The analyses of these plots obtained with the phylostratigraphic method revealed the presence of some major differential steps on the emergence of protein-coding genes along the evolutionary time-scale from origin to present. Looking at all the expressed coding genes, we can see the global evolutionary profile of the organism (human, in this case), but along this profile we can identify some more prominent steps in the accumulated relative number of genes (genes count) along time. For example, looking at the plot of the HK a large increase is observed at the start of the curve, from the first taxonomy level (origin, Cellular organisms) to second (Eukaryota) taxonomy level (i.e. the first phylostratum Cellular organisms - Eukaryota). By contrast, the TE have the major emergence of genes much later (around the Mammalia) (Fig. 3). The complete timeline includes 31 phylogenetic clades (named in the figure legend), but by analysing these points it was possible to identify eight major steps or stage levels (named “hallmarks”) that appear on the human gene profile along evolutionary time. Moreover, we could assign the number of human protein-coding genes that emerged along each one of these eight stages for the three categories reported: all the expressed protein-coding genes mapped to OMA, the HK and the TE. The eight stage levels identified are: st1) Cellular organisms (Prokaryota); st2) Cellular organisms to Eukaryota; st3) Eukaryota to Metazoa; st4) Metazoa to Vertebrata; st5) Vertebrata to Euteleostomi; st6) Euteleostomi to Mammalia; st7) Mammalia to Primates; and st8) Primates to Homo sapiens. All the numbers corresponding to the human protein-coding genes assigned to each of these eight evolutionary hallmarks are included in Fig. 4, that indicates how many are in each stage either considering the complete human gene set or just the HK or the TE. All the information about each one of the 17,437 human protein-coding genes including the assignment to stages is also provided as Additional file 4.

Fig. 4
figure 4

Evolutionary hallmarks of human protein-coding genes along time-scale. Table showing the numbers corresponding to the human proteins found at each of the eight major evolutionary steps depicted from placing them on the time-scale. These eight stages provide the evolutionary hallmarks of the human proteome. The stage levels correspond to: st1) Cellular organisms (Prokaryota); st2) Cellular organisms to Eukaryota; st3) Eukaryota to Metazoa; st4) Metazoa to Vertebrata; st5) Vertebrata to Euteleostomi; st6) Euteleostomi to Mammalia; st7) Mammalia to Primates; and st8) Primates to Homo sapiens. The numbers are presented for all the 17,437 protein-coding genes, for the 3393 HK genes and for the 2157 TE genes

The analysis of the hallmarks also reveals that the HK genes are more ancient than TE genes. The plots in Fig. 3 and the data in Fig. 4 show clear difference between them. The HK genes present a major increase or expansion in stage 2 (Prokaryota to Eukaryota), with 1009 genes and a change of ≈ 30 % with respect to the total.
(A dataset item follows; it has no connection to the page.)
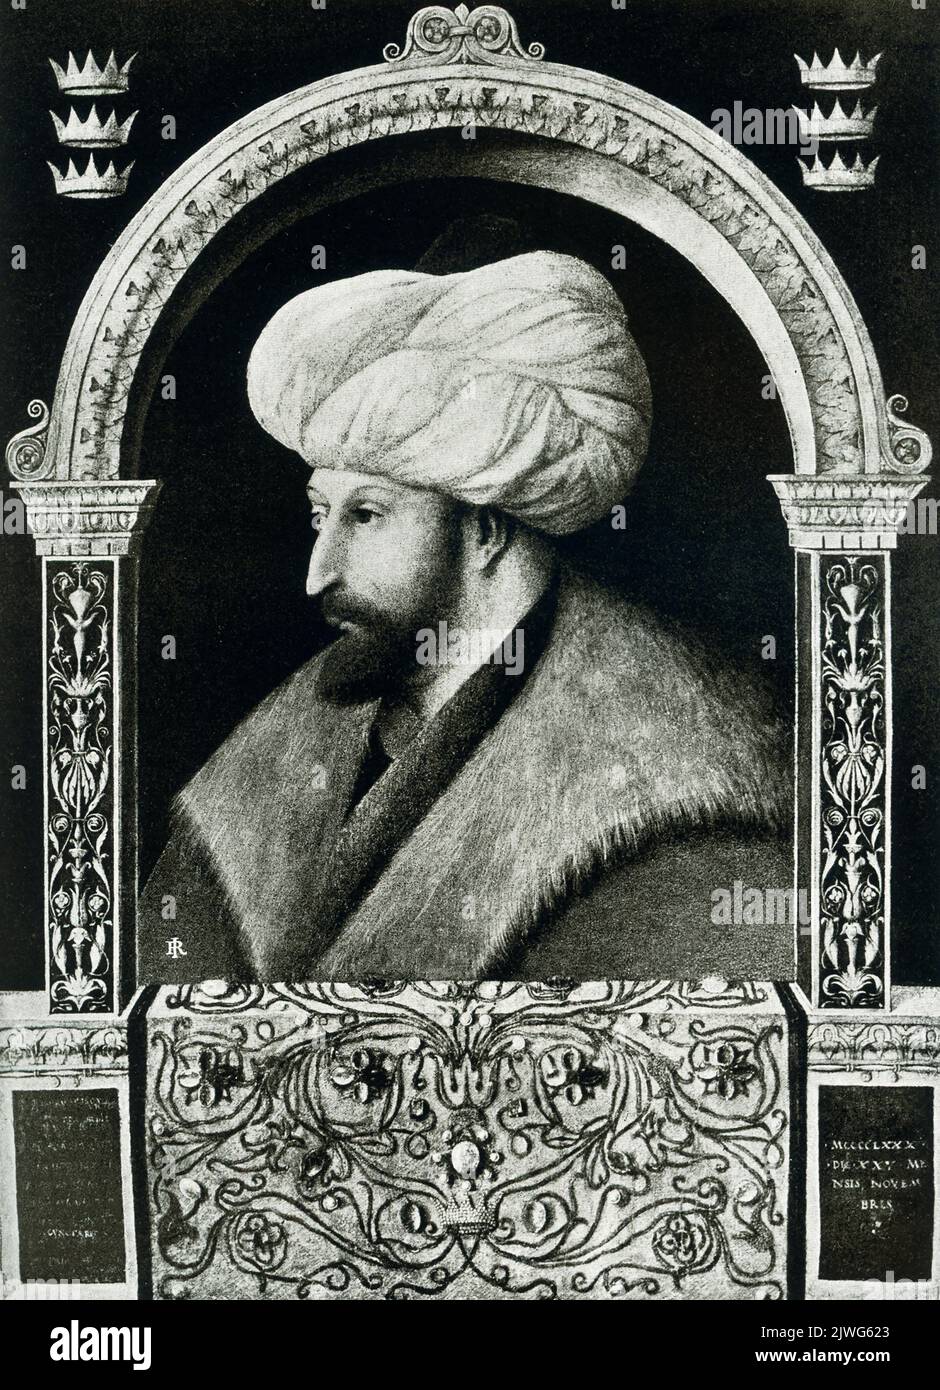 Die Bildunterschrift für dieses Bild von 1910 lautet: „Der Sultan Muhammed II. Gemalt von Gentile Bellini --- jetzt in Rom untergebracht.“ Mohammed II. (1432-1481), genannt Glaube oder Eroberer, war von 1451 bis 1481 der osmanische türkische Sultan. Seine Eroberung Konstantinopels im Jahr 1453 garantierte die Konsolidierung des Osmanischen Reiches. Stockfoto

By contrast, the TE genes show a major increase in stage 7 (Mammalia to Primates) with 799 genes and a change of ≈ 37 %. These observations seem to indicate that house-keeping genes emerged early in evolution and are older in age, knowing that they reflect more essential and constitutive functions. The idea that gene essentiality is associated with older genes has been reported in several studies, for example on yeast [14] and mammalian genes [16]. By contrast, the observations that human tissue-specific genes had emerged later in evolution may reveal that human specific cellular or physiological roles are implemented at molecular level by the appearance of newer genes.

Gene age data comparison

As we indicated above, there are some studies that use the phylostratigraphic method to explore the age of human genes, but most of these studies use sequence similarity search (with algorithms like BLAST) to look for the oldest homologues to the human [12, 16, 34]. To compare the results on human gene age assignment done in this work with other available age assignments, we took the published data from Domazet-Lošo (2008) [12] and from Neme (2013) [34], and we represented the information about allocation to Lowest Common Ancestor (LCA) of the human genes in phylogenetic clades of the evolutionary tree. The assignments were done using 15 common phylostratum to allow the comparison of the data. The results of this comparison are included in Additional file 1: Figure S4 and they show a general similarity but some important differences. The most significant difference corresponds to the fact that both Domazet-Lošo [12] and Neme [34] placed a very large number of genes on the first stage of the evolutionary time-scale that goes from the origin of life to first cellular organisms (i.e. pre-eukaryota): 8285 of 22,845 (36 %) [12] and 7309 of 22,154 (33 %) [34]. This result denotes a bias that, as we indicated above, can be due to the methodology of using the homology search approach. In any case, the idea suggested that one third of the human proteoma may have emerged in evolutionary time before the origin of eukaryotic cells needs deeper studies and it is not what we observed in our analyses.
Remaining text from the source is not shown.